Web刮擦在Python中赢得了整个列表

发布于 2025-02-10 15:47:56 字数 1361 浏览 1 评论 0原文

我是从Python开始的，在Python进行网络刮擦时，它不会显示整个列表，我将留在那里，我试图将A24的A24电影排在IMDB中

from cmath import e
from pydoc import synopsis
from bs4 import BeautifulSoup
import requests


try:
    source =requests.get('https://www.imdb.com/list/ls024372673/')
    source.raise_for_status()  

    soup=BeautifulSoup(source.text,'html.parser')
    movies=soup.find('div',class_="lister-list").find_all('div')
   
    for movie in movies :
        name= movie.find('h3',class_="lister-item-header").a.text

        rank= movie.find('span',class_="lister-item-index unbold text-primary").text
        
        year= movie.find('span',class_="lister-item-year text-muted unbold").text

        star= movie.find('span',class_="ipl-rating-star__rating").text
        
        metascore= movie.find('div',class_="inline-block ratings-metascore").span.text

        score=movie.find('div',class_="list-description").text

        genre=movie.find('span',class_="genre").text
        
        runtime=movie.find('span',class_="runtime").text

        about=movie.find('p',class_="").text
       
        elements = movie.findAll('span', attrs = {'name':'nv'})
        votes = elements[0]['data-value']
        gross = elements[1]['data-value']

    print(name,rank,year,star,metascore,score,genre,runtime,about,votes,gross)
except Exception as e:
         print(e)

原文

I am starting out in python and when doing a web scraping in python it won't show the whole list I will leave the code there, I was trying to pull the A24 films ranked in IMDB

from cmath import e
from pydoc import synopsis
from bs4 import BeautifulSoup
import requests


try:
    source =requests.get('https://www.imdb.com/list/ls024372673/')
    source.raise_for_status()  

    soup=BeautifulSoup(source.text,'html.parser')
    movies=soup.find('div',class_="lister-list").find_all('div')
   
    for movie in movies :
        name= movie.find('h3',class_="lister-item-header").a.text

        rank= movie.find('span',class_="lister-item-index unbold text-primary").text
        
        year= movie.find('span',class_="lister-item-year text-muted unbold").text

        star= movie.find('span',class_="ipl-rating-star__rating").text
        
        metascore= movie.find('div',class_="inline-block ratings-metascore").span.text

        score=movie.find('div',class_="list-description").text

        genre=movie.find('span',class_="genre").text
        
        runtime=movie.find('span',class_="runtime").text

        about=movie.find('p',class_="").text
       
        elements = movie.findAll('span', attrs = {'name':'nv'})
        votes = elements[0]['data-value']
        gross = elements[1]['data-value']

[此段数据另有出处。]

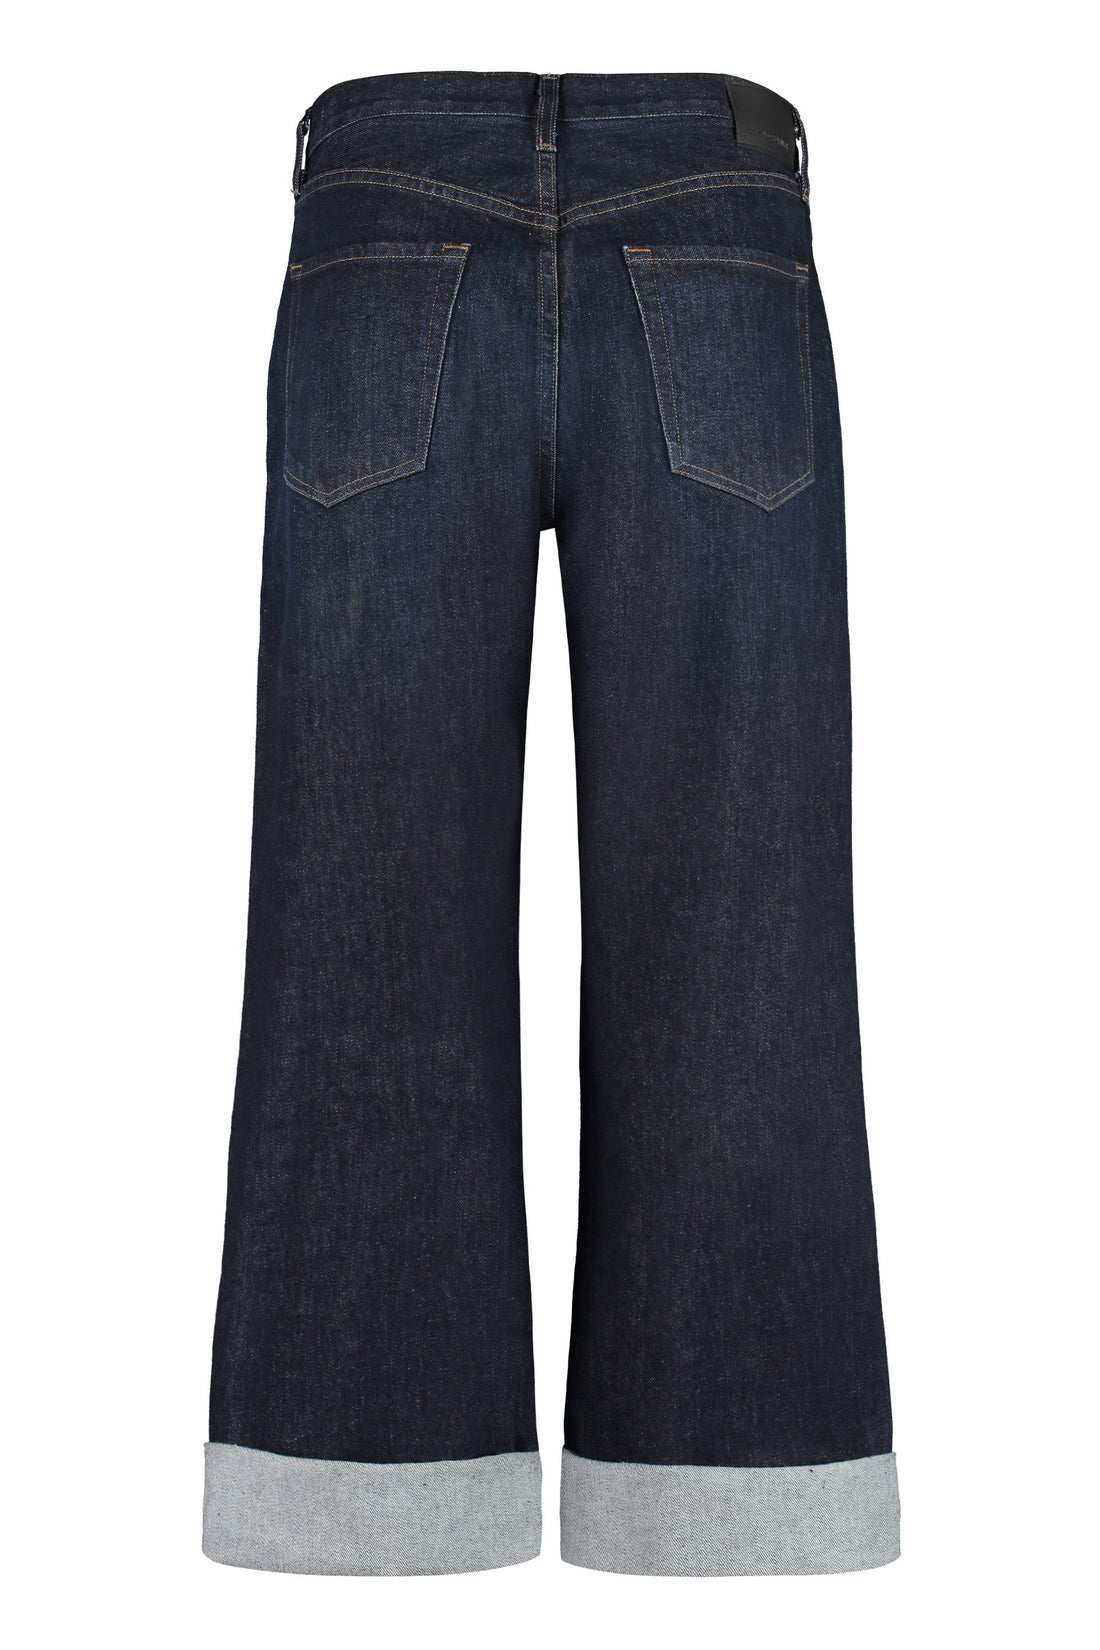 Citizens of Humanity-OUTLET-SALE-Ayla cropped jeans-ARCHIVIST

    print(name,rank,year,star,metascore,score,genre,runtime,about,votes,gross)
except Exception as e:
         print(e)

分享到QQ

分享到微博

如果你对这篇内容有疑问，欢迎到本站社区发帖提问参与讨论，获取更多帮助，或者扫码二维码加入 Web 技术交流群。

发布评论

需要登录才能够评论，你可以免费注册一个本站的账号。

活泼老夫 2025-02-17 15:47:56

您最好检查尝试/除块中发生的情况，并处理异常，例如如果语句：

'score': movie.find('div',class_="list-description").text if movie.find('div',class_="list-description") else None,

示例

您还可以使用更结构化的方法来保持结果：

import requests
from bs4 import BeautifulSoup

headers = {"User-Agent": "Mozilla/5.0"}
page = requests.get('https://www.imdb.com/list/ls024372673/', headers=headers)
soup = BeautifulSoup(page.content)

data = []
for movie in soup.select('.lister-item'):
    data.append({
        'name': movie.find('h3',class_="lister-item-header").a.text,
        'rank': movie.find('span',class_="lister-item-index unbold text-primary").text,
        'year': movie.find('span',class_="lister-item-year text-muted unbold").text,
        'star': movie.find('span',class_="ipl-rating-star__rating").text,
        'metascore': movie.find('div',class_="inline-block ratings-metascore").span.text,
        'score': movie.find('div',class_="list-description").text if movie.find('div',class_="list-description") else None,
        'genre': movie.find('span',class_="genre").text.strip(),
        'runtime': movie.find('span',class_="runtime").text,
        'about': movie.find('p',class_="").text,
        'elements': movie.find_all('span', attrs = {'name':'nv'}),
        'votes': elements[0]['data-value'],
        'gross': elements[1]['data-value']
    })
data

You better should check what happens in your try / except blocks and handle exceptions e.g. with if statements:

'score': movie.find('div',class_="list-description").text if movie.find('div',class_="list-description") else None,

Example

You also could use a more structured way to hold your results:

import requests
from bs4 import BeautifulSoup

headers = {"User-Agent": "Mozilla/5.0"}
page = requests.get('https://www.imdb.com/list/ls024372673/', headers=headers)
soup = BeautifulSoup(page.content)

data = []
for movie in soup.select('.lister-item'):
    data.append({
        'name': movie.find('h3',class_="lister-item-header").a.text,
        'rank': movie.find('span',class_="lister-item-index unbold text-primary").text,
        'year': movie.find('span',class_="lister-item-year text-muted unbold").text,
        'star': movie.find('span',class_="ipl-rating-star__rating").text,
        'metascore': movie.find('div',class_="inline-block ratings-metascore").span.text,
        'score': movie.find('div',class_="list-description").text if movie.find('div',class_="list-description") else None,
        'genre': movie.find('span',class_="genre").text.strip(),
        'runtime': movie.find('span',class_="runtime").text,
        'about': movie.find('p',class_="").text,
        'elements': movie.find_all('span', attrs = {'name':'nv'}),
        'votes': elements[0]['data-value'],
        'gross': elements[1]['data-value']
    })
data

回复收藏 0 原文

╭⌒浅淡时光〆 2025-02-17 15:47:56

电影这不是列表。您正在使用.find（）返回第一个找到元素。您必须使用.find_all（）返回列表。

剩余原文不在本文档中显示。